A U.K. company that builds electric vehicles is betting its slimmed-down approach to manufacturing will be the key to finding success in South Carolina’s $27 billion-per-year automotive industry.
London-based Arrival, founded in 2015, recently announced plans to build a microfactory in Rock Hill to make electric buses for the Upstate region.
The manufacturer is expected to create 240 jobs, with the first buses to be built by the end of next year.
The big difference between Arrival and the state’s big three automotive manufacturers — BMW, Volvo Cars and Mercedes-Benz Vans — comes down to size. Arrival said it will invest $46 million in its factory — far short of the $500 million to $11.1 billion the other carmakers have spent on their sites.
And the Arrival plant’s footprint of roughly 200,000 square feet can fit in many existing industrial buildings, unlike the millions of square feet and hundreds of acres the others require.
“The rule of this game of big factories is broken,” Arrival CEO Denis Sverdlov told Forbes magazine. “If you do things exactly the same as others do it’s quite strange to expect better results.”
Mike Ableson, Arrival’s chief executive for North America and a former General Motors vice president, could not be reached for comment. But in a prepared statement, he said the “new microfactory in South Carolina is the beginning of a paradigm shift in the EV (electric vehicle) space.”
A second microfactory is scheduled to open next year in Bicester, England.

The site of London-based electric vehicle maker Arrival’s manufacturing plant in Rock Hill, scheduled to open next year. Provided
The microfactory concept will utilize a cell-based assembly method to produce vehicles rather than the traditional moving automotive production line. Each cell will have employees and equipment dedicated to a specific task in the overall manufacturing process, and the vehicle will stay in that cell until that task is completed. Then it will move on to the next cell for additional work.
It’s much the same way Boeing Co. builds its 787 Dreamliner jets in North Charleston, with each plane spending time at several different “positions” until it is completed and ready to roll out of the assembly building.
And, like Boeing’s Dreamliners, Arrival’s buses are built of composite materials joined together with high-tech adhesives. Arrival said it plans to source its materials from a regional supply chain.
Arrival won’t need an expensive paint shop like traditional automakers because its buses can be made of died materials or wrapped with a vinyl covering.
Arrival, which can also build commercial vans on its microfactory platform, has not said how much its buses will cost but they will be priced similar to diesel vehicles.
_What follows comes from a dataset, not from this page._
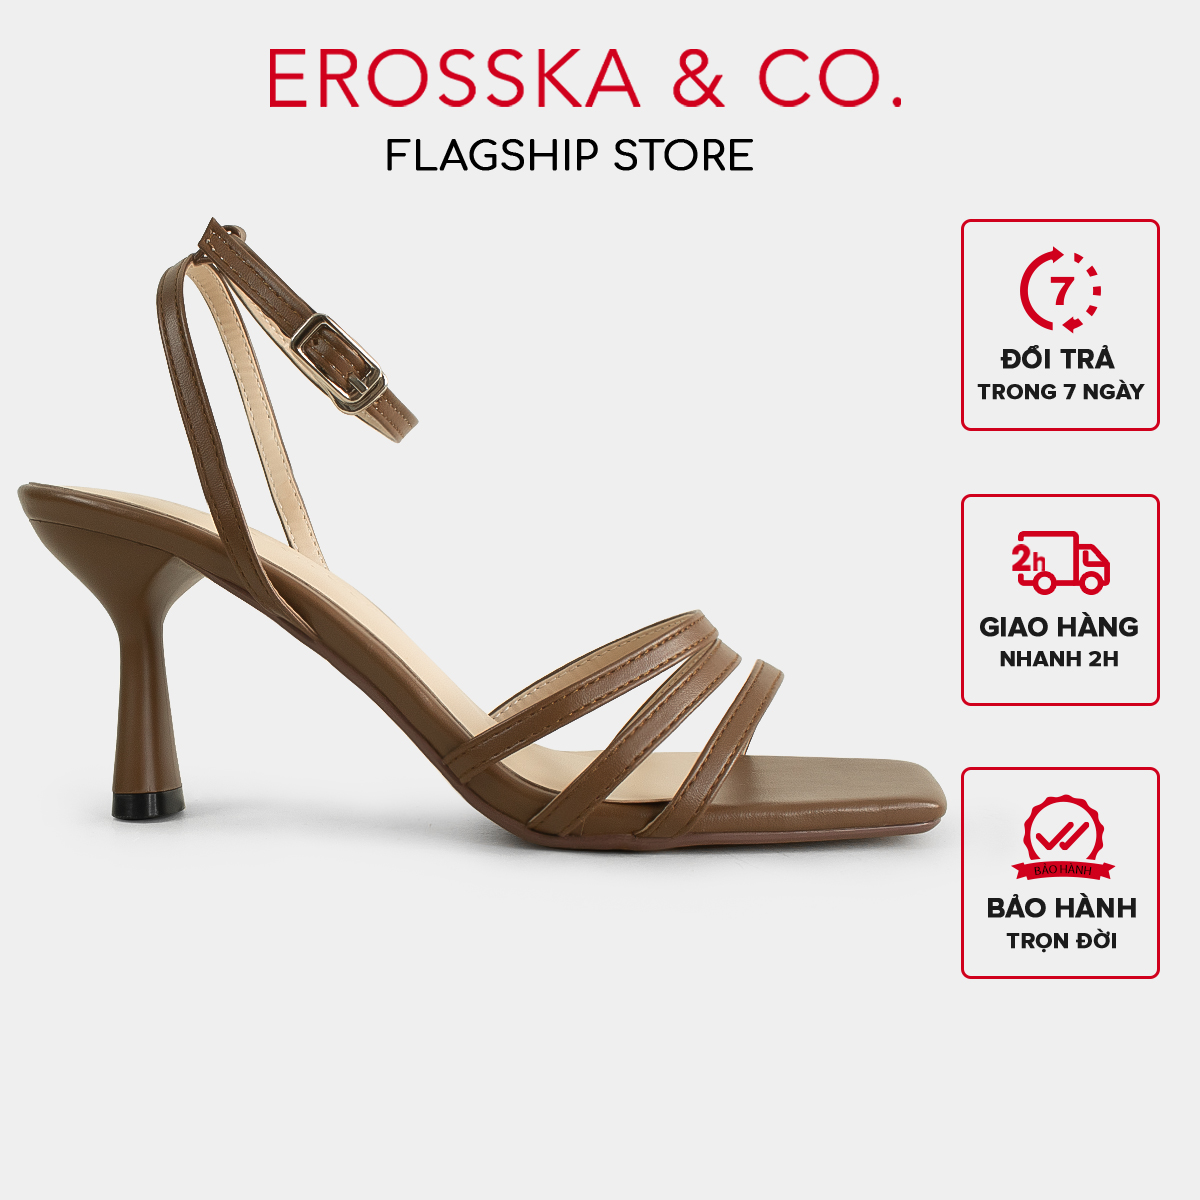 Erosska - Giày cao gót nhọn mũi hở phối dây quai mảnh cao 7cm màu nâu - EB052

The company has lined up a blue-chip roster of financial backers. For example, the investment titan BlackRock Inc. recently invested $116 million in Arrival, which also has support from traditional automakers Hyundai and Kia.
Another investor, United Parcel Service, has agreed to buy 10,000 of the company’s electric vans in a deal worth nearly $500 million.
Sverdlov founded Arrival after the $1.2 billion sale of Russian wireless phone company Yota Group, which he founded and ran, according to Forbes. He created the venture capital firm Kinetik after that deal and invested $26 million into the electric vehicle venture.